#### Need Solution for R.D.Sharma Maths Class 12 Chapter 9 Differentiability Exercise 9.1 Question 7 Sub Question 1 Maths Textbook Solution.

Answer: f(x) is differentiable at x = 0, if m > 1.

Hint: The function y = f(x) is said to be differentiable in the closed interval [a, b] if R f  (a) and L f  (b) exist and f `(x) exist for every point of (a, b).

If the left hand limit, right hand limit and the value of the function at x = c exist and are equal to each other, then f is said to be continuous at x = c.

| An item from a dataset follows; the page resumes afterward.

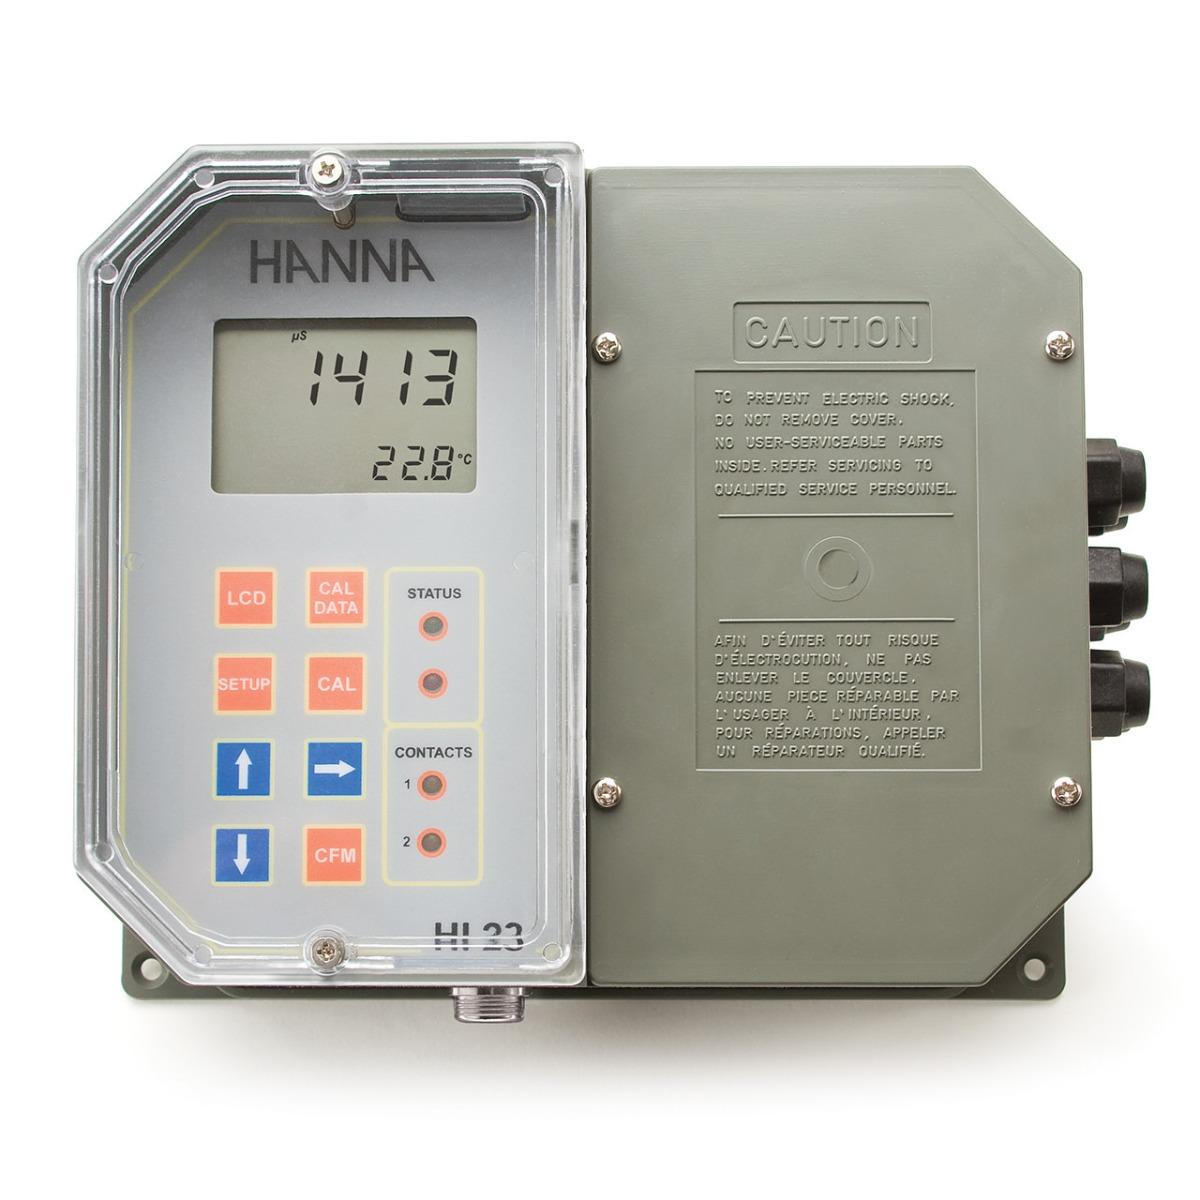 HI23211-2 Wall Mounted EC Digital Controller
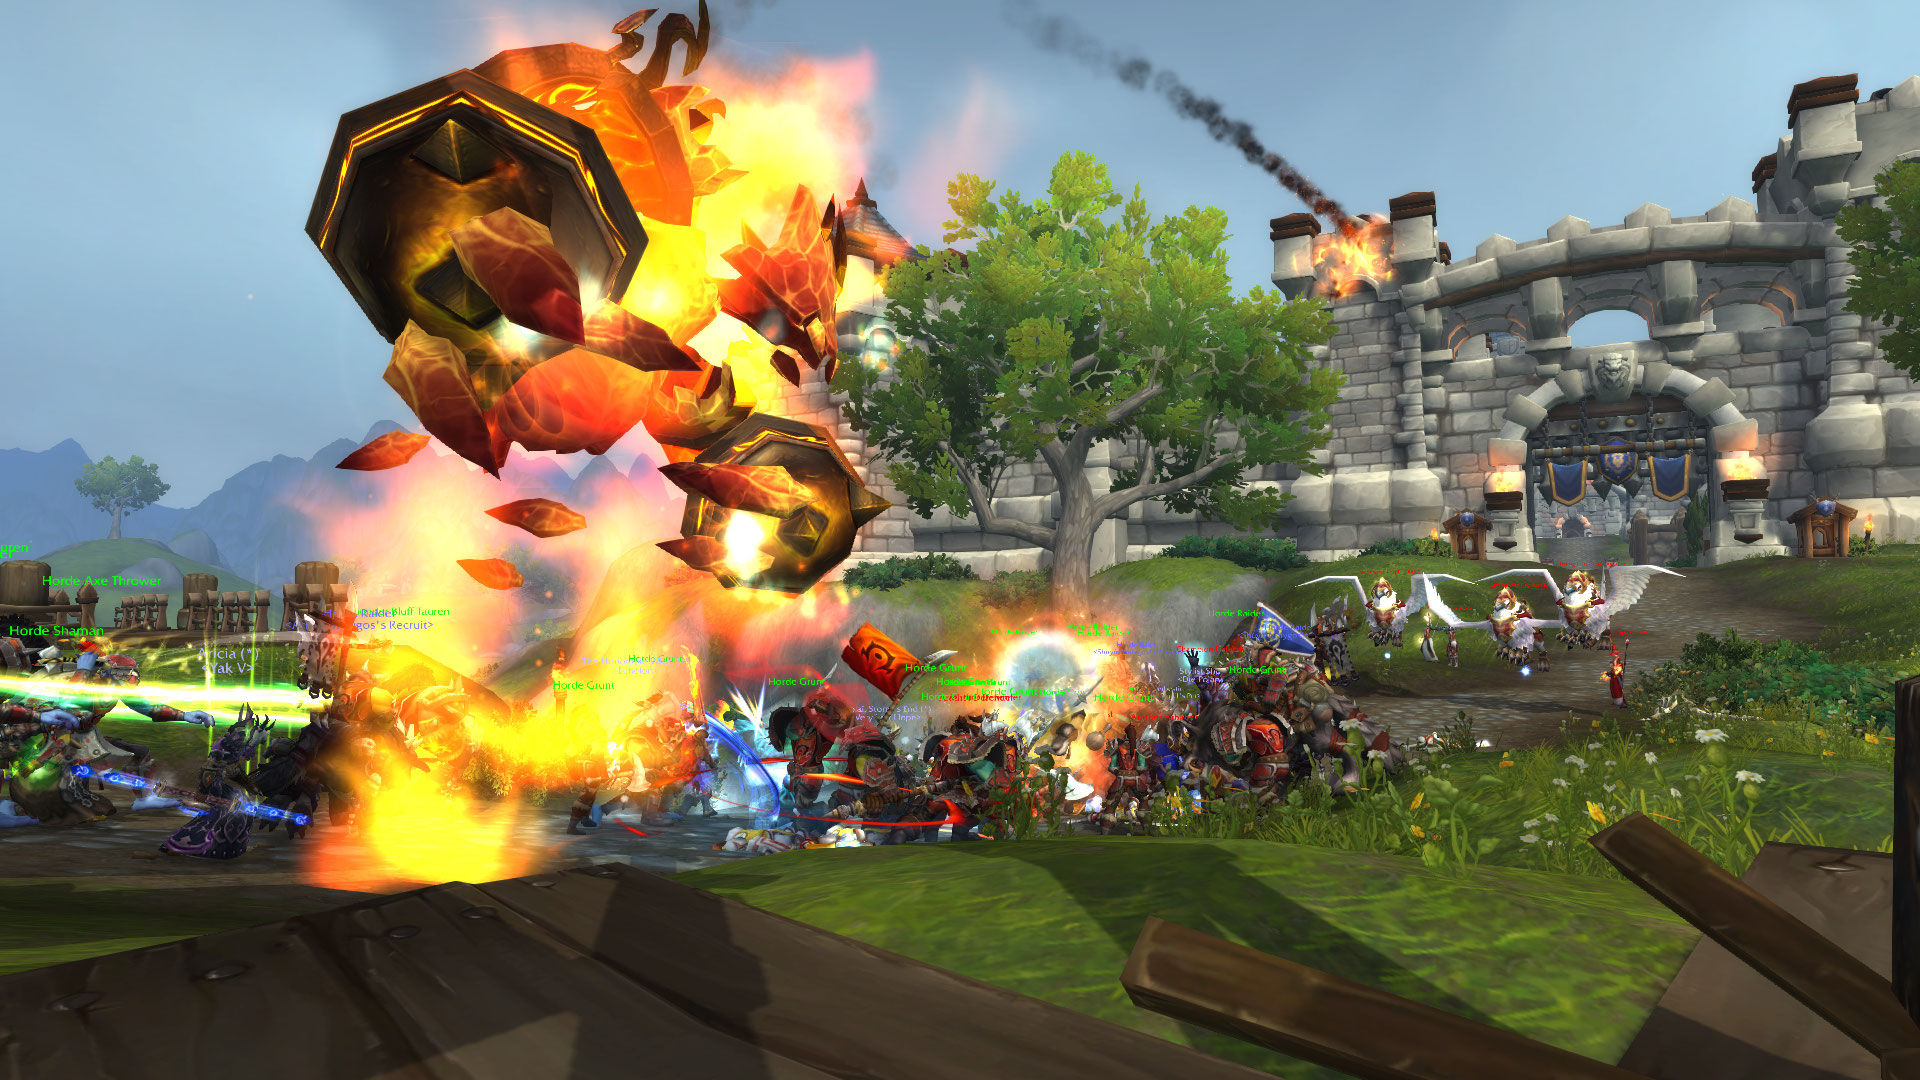 WoW BfA Fire Elemental Stromgarde Warfront

Given: $f\left ( x \right )=$$\left\{\begin{array}{c} x^{m} \sin \left(\frac{1}{x}\right), x \neq 0 \\ 0, x=0 \end{array}\right.$

Solution:

Differentiability at x = 0:

$LHD\: at x=0: \lim_{x\rightarrow 0^{-}}\frac{f\left ( x \right )-f\left ( 0 \right )}{x-0}$

$= \lim_{h\rightarrow 0}\frac{f\left ( 0-h \right )-f\left ( 0 \right )}{\left ( 0-h \right )-0}$

$= \lim_{h\rightarrow 0} \frac{\left ( 0-h \right )^{m}\sin\left ( \frac{1}{-h} \right )}{-h}$

$= \lim_{h\rightarrow 0} \left ( -h \right )^{m-1}\sin \left ( \frac{1}{-h} \right )$                                                        $\left \{ \frac{a^{m}}{a^{n}}\Rightarrow a^{m-n} \right \}$

$= \lim_{h\rightarrow 0} \left ( -h \right )^{m-1}\sin \left ( \frac{1}{h} \right )$                                                         $\left \{ \sin \left ( -\theta \right )\Rightarrow -\sin \theta \right \}$

\begin{aligned} &\text { RHD at } x=0: \lim _{x \rightarrow 0^{+}} \frac{f(x)-f(0)}{x-0} \\ &=\lim _{h \rightarrow 0} \frac{f(0+h)-f(0)}{(0+h)-0} \\ &=\lim _{h \rightarrow 0} \frac{h^{m} \sin \left(\frac{1}{h}\right)}{h} \\ &\Rightarrow\{\text { when }-1 \leq k \leq 1\} \end{aligned}                                    $\left\{\begin{array}{c} (0)^{m-1}=0 \\ \sin \left(\frac{1}{0}\right)=\sin (\infty) \end{array}\right.$

$\Rightarrow 0\; x\; k$

$\Rightarrow 0$

$(LHD \: at \: x = 0)= (RHD\: at\: x = 0)$

Hence, f(x) is differentiable at x = 0.